Había una vez… en Hollywood (2019) es una película de —casi— tres horas que trata sobre cómo, el año que se estrenó Easy rider (1969), un doble de acción y un actor en caída libre por la ladera de su carrera, unidos por la escasa suerte, reescriben la historia de Sharon Tate.
No hay más fondo que ese pero termina dando lo mismo: Había una vez… en Hollywood es una película de forma, una orgía visual de una densidad notable, con tanto guiño cinematográfico y musical que se transforma en un pastiche intenso —digno de seguir con la ayuda de Shazam—.
La película —disponible en el reforzado catálogo de HBO GO— es un tributo al cine western y de artes marciales, así como al bélico, negro y, cómo no, a la marca de fábrica: esa violencia profunda, inquietante si se quiere, del cine de Quentin Tarantino. Un ADN que asoma desde una condición tan humana como primigenia: sobrevivir. Es Margot Robbie yendo a un cine para verse a sí misma. Es Leo DiCaprio aferrándose a lo que sea para sobrevivir, en el ocaso de su esplendor, apenas contenido por Brad Pitt bajo el tibio sol setentero en California.
Hay algo importante en Había una vez… en Hollywood. A la manera de Roger Ebert, la última película del director de Jackie Brown y Kill Bill toma el pulso del sueño de toda una nación: “Si prestas suficiente atención a las películas, ellas te dirán qué desea y qué teme la gente”.
Libre de grandes efectos especiales y con una trama salpicada de vísceras, la médula de la película es el celuloide palpitante, uno con vida propia fuera de las salas y las habitaciones del streaming: dan ganas de conversar sobre Había una vez… en Hollywood.
Tarantino, decía Fuguet, tiene la suerte de querer rodar cintas de época que desean ser clásicos y aun así arrasar en la taquilla. Yo le agregaría el cuidado por sus bandas sonoras, un trabajo de joyería que parece ser tan importante como sus historias.
Casi siempre conformados por canciones preexistentes, los soundtracks de Tarantino son los culpables del hormigueo en la espina dorsal, la anécdota que refleja la madera de la que está hecho el cine de su director.

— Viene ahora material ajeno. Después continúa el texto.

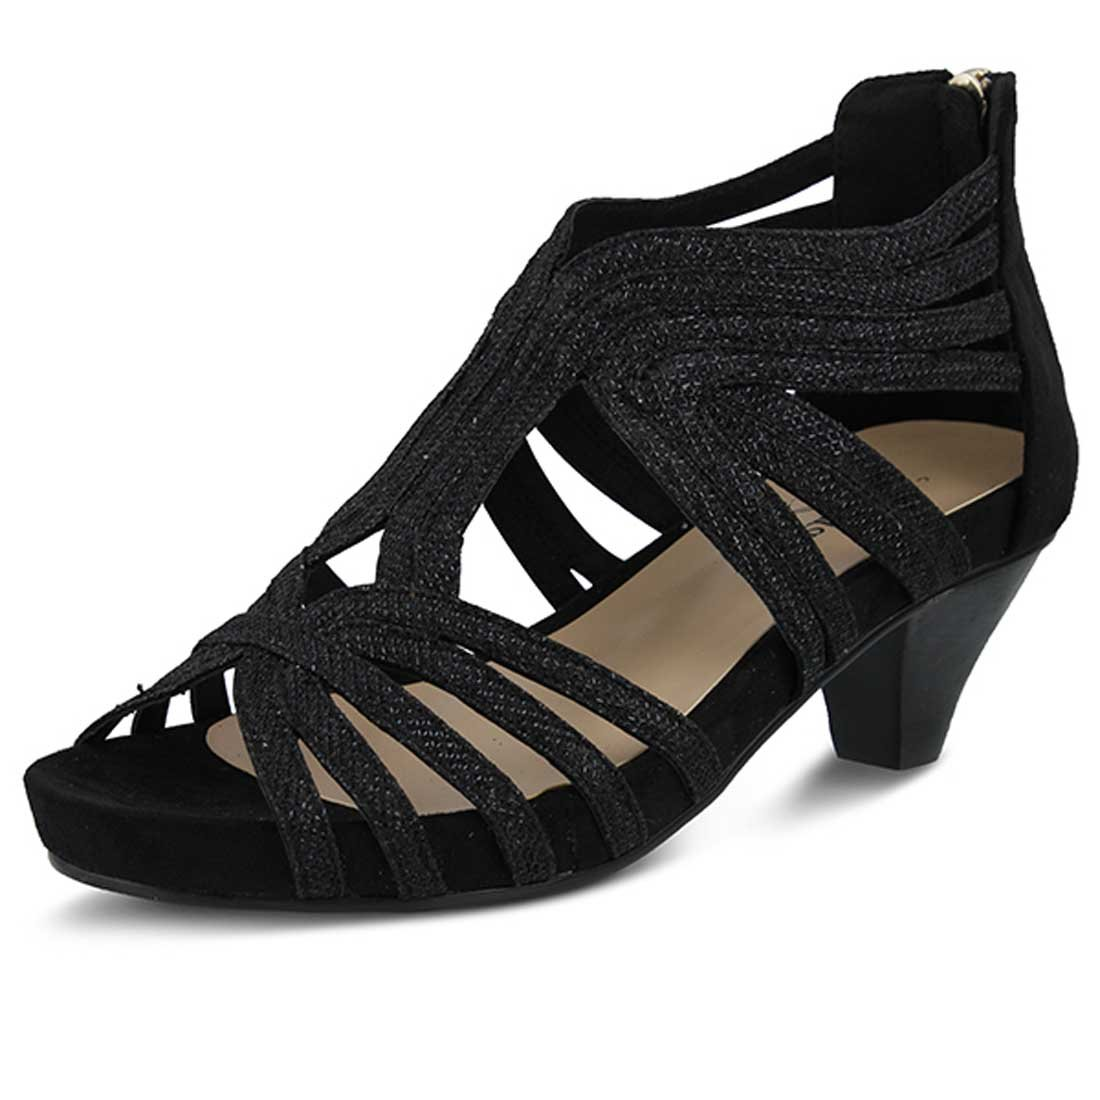 Azura Womens Esthetic Sandal B015RAPA52 38 M EU / 7.5-8 B(M) US|Black

Antes de la paternidad y antes de mudarse con su actual pareja a Tel Aviv, el director se reconoció alguna vez como un melómano. En su hogar de entonces, ubicado en lo alto de las colinas de Hollywood, guardaba una habitación dedicada exclusivamente a sus discos, los cuales ordenaba por géneros y subgéneros.

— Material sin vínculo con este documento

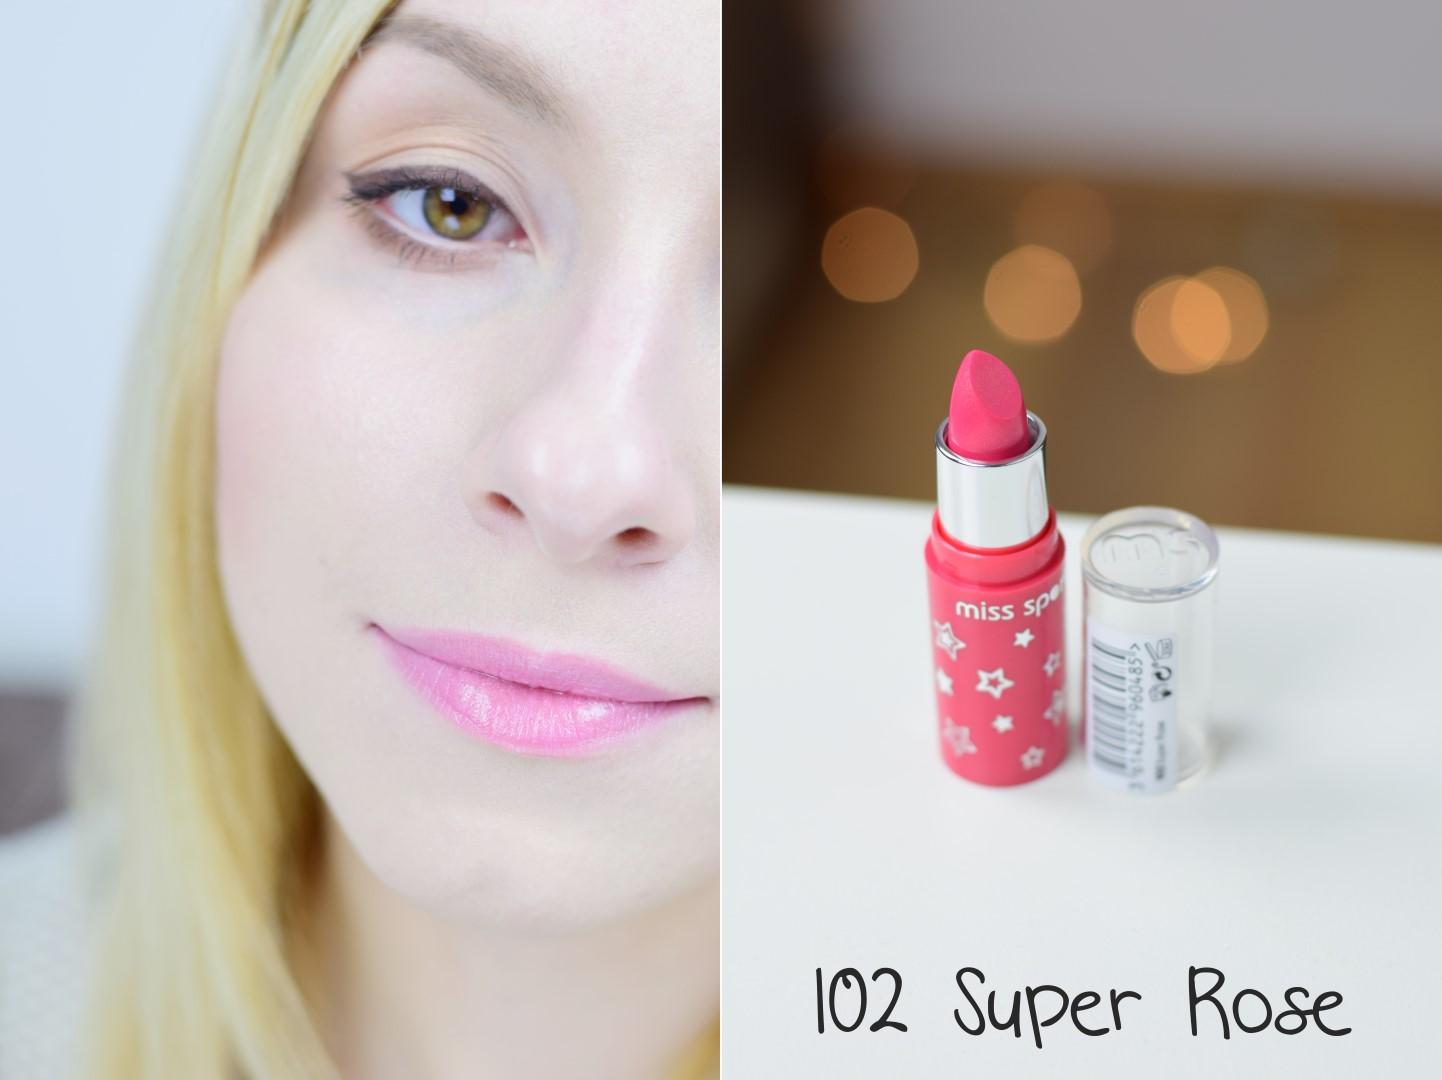 miss_sporty_wonder_smooth_blog_opinia_recenzja_swatche_super_rose_102

La pieza, donde incluso mantenía una rocola, era una especie de santuario al momento de trabajar, un espacio que él mismo describió como parecido a "una tienda de vinilos de segunda mano".
“Cuando se me ocurre una idea, voy hasta esa habitación en busca de música para darle personalidad, espíritu y el ritmo que quiero para la película”, contó al programa Music in Films, “me gusta imaginarme una escena desde la perspectiva del espectador sentado en la sala de cine, y hay canciones que permiten cerrar los ojos e imaginar esas escenas”.
En Había una vez… en Hollywood, más allá de lo obvio —Deep Purple, The Mamas and the Papas y Paul Revere—, fuera del cajón de la nostalgia —cada cortina radial de KHJ y el color de las canciones de Simon & Garfunkel—: están ahí Vanilla Fudge, esa catedral llamada “Out of time” de los Stones y un joven José Feliciano haciendo de Barry McGuire, que no es lo mismo pero es igual.
Lo importante es anotar que Había una vez… en Hollywood —fuera de cartelera, con el primer Oscar para Brad Pitt como Mejor actor de reparto y otro para el Diseño de producción a cargo de Barbara Ling y Nancy Haigh— se relaciona con la retromanía. Como propuso alguna vez Simon Reynolds desde otro apartado: esa adicción de la cultura pop —en este caso desde el cine— a su propio pasado.